Photobucket has stopped working for me so I will close and add the remaining photographs in the next mail.

Regards Tony.


----------



## Tony Bird (Nov 30, 2012)

Hello again,



























Seem to have lost the photograph of the cylinder soldered to its port block.  I will added this photograph to the next mail.  The next is to draw out the steam and exhast passageways in the port block.

Regards Tony.


----------



## Tony Bird (Nov 30, 2012)

Cannot see for looking!


----------



## Tony Bird (Dec 2, 2012)

Hi,

As the two port blocks are slightly different one having four steam pipes going into it the other only having only two, a drawings for each was made.  The reason that the post blocks are different is that the design calls for the steam/exhaust to go through one port block then on to the other via pipes.  These drawings show that the steam passageways that are in the port block miss each other albeit not by much.  Several of the passageways drilled have to be blanked off this was done by tapping the holes with a 2nd tap but using only just its tapered end, which produced a short tapered thread.  A brass screw was then screwed in tightly before soldering in place and cutting off the protruding head and thread.














Before anything was machined another drawing was made that just shows the position of the trunnion bearing and the four holes that will be threaded to hold the port blocks to the engine frame.   These are the only holes that will marked out by measurement all the other holes will be positioned relative to the steam/exhaust ports that will be set out using the same jig that was used to drill similar holes the cylinders port block.







A number of port blocks were already in stock and two of them were marked out and drilled.
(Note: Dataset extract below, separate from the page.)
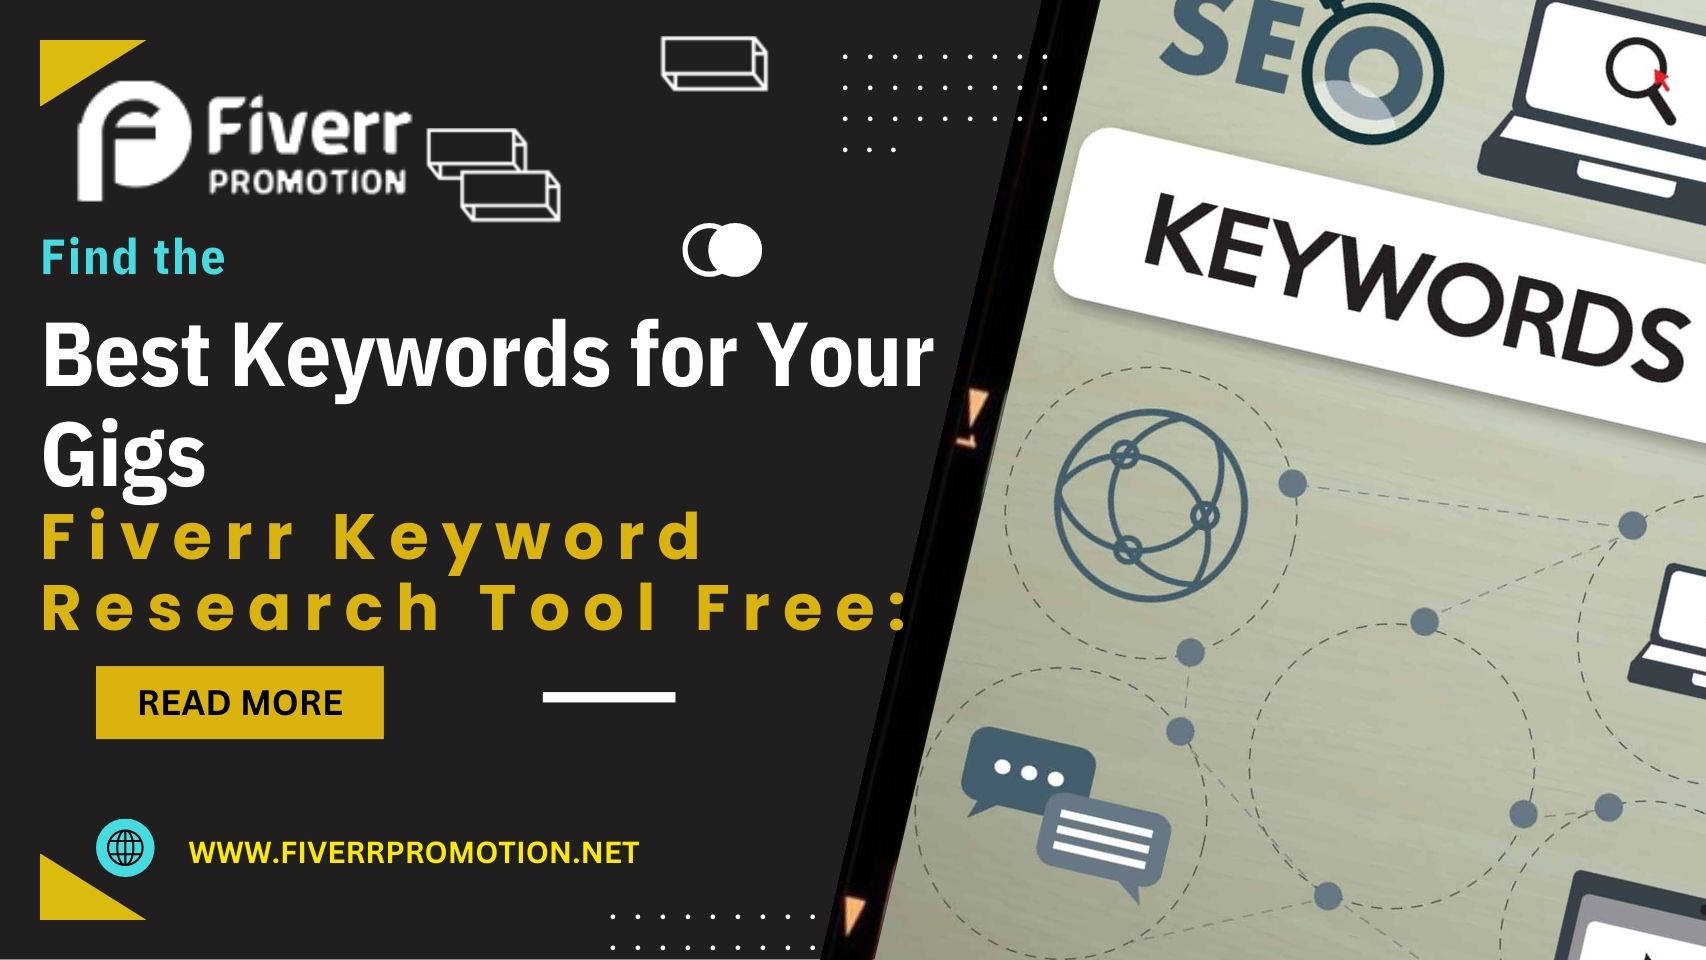 Fiverr Keyword Research Tool Free: Find the Best Keywords for Your Gigs

The two drilled port blocks were then bolted to the engine frame via the hole for the trunnion pin.  When positioning correctly using the four holes drilled in the port block as a guide the holes for securing the port block to the engine frame were drilled in the engine frame.

























With the flywheel made the jig used to drill the steam/exhaust ports in the cylinders was used as a guide to drill the steam/exhaust ports in the port block.. With the steam/exhaust ports drilled the steam passageways were marked out and drilled using the ports as reference points.   There is an error in the photograph of the port block that shows the positions of the passageways the right hand vertical line should not join the top horizontal line!













Clearance on the port block for the cylinder was made using a wax chuck in the lathe.  The trunnion pins were fitted to the cylinders and along with their screws and springs tried on the port blocks/engine frame.















With the port blocks in position on the engine frame the connecting and steam/exhaust pipes were soldered in place.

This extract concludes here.